:: Problem to solve ::
Within the records below is a range that opens at the line with "201013 Mars Pleiades" and closes at the line with "HalloweentownT-Shirt". Return that range word for word, both ends included, and only that range.
(Given data)
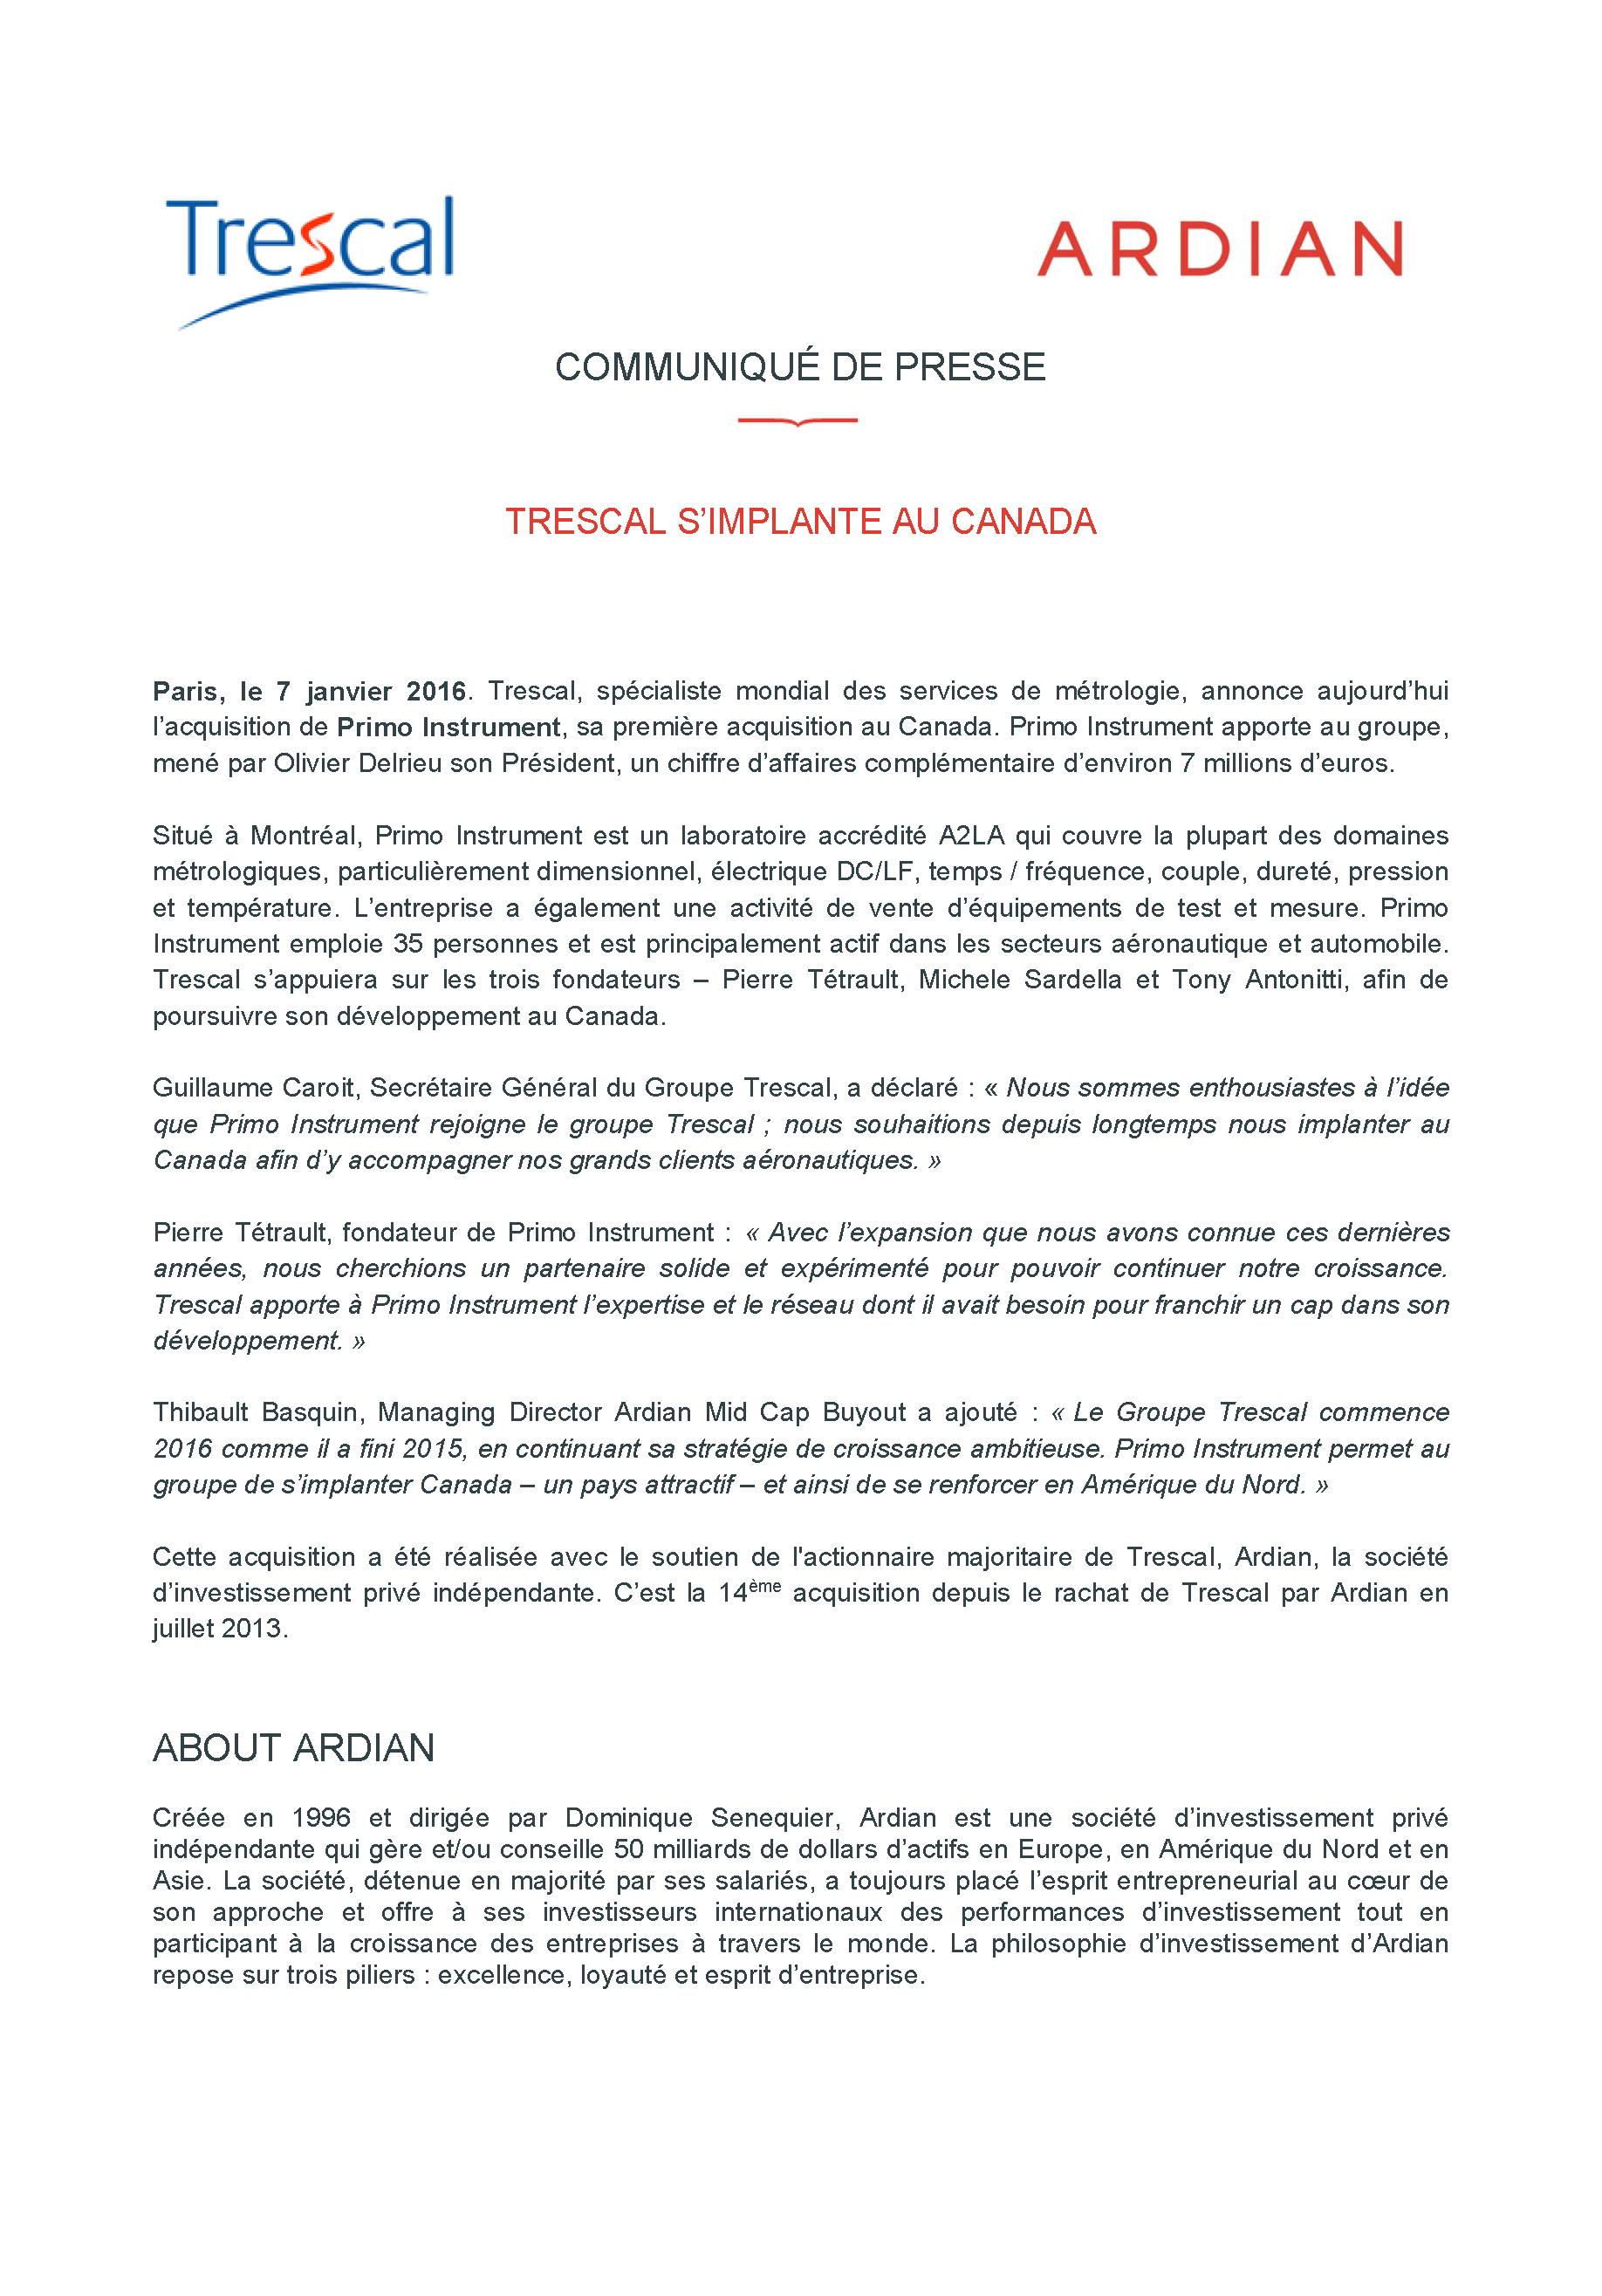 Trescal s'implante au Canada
(End Given data)
(Given data)
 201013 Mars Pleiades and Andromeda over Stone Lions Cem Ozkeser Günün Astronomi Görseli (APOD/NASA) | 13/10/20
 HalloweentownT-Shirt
(End Given data)
:: Answer section ::
 201013 Mars Pleiades and Andromeda over Stone Lions Cem Ozkeser Günün Astronomi Görseli (APOD/NASA) | 13/10/20
 HalloweentownT-Shirt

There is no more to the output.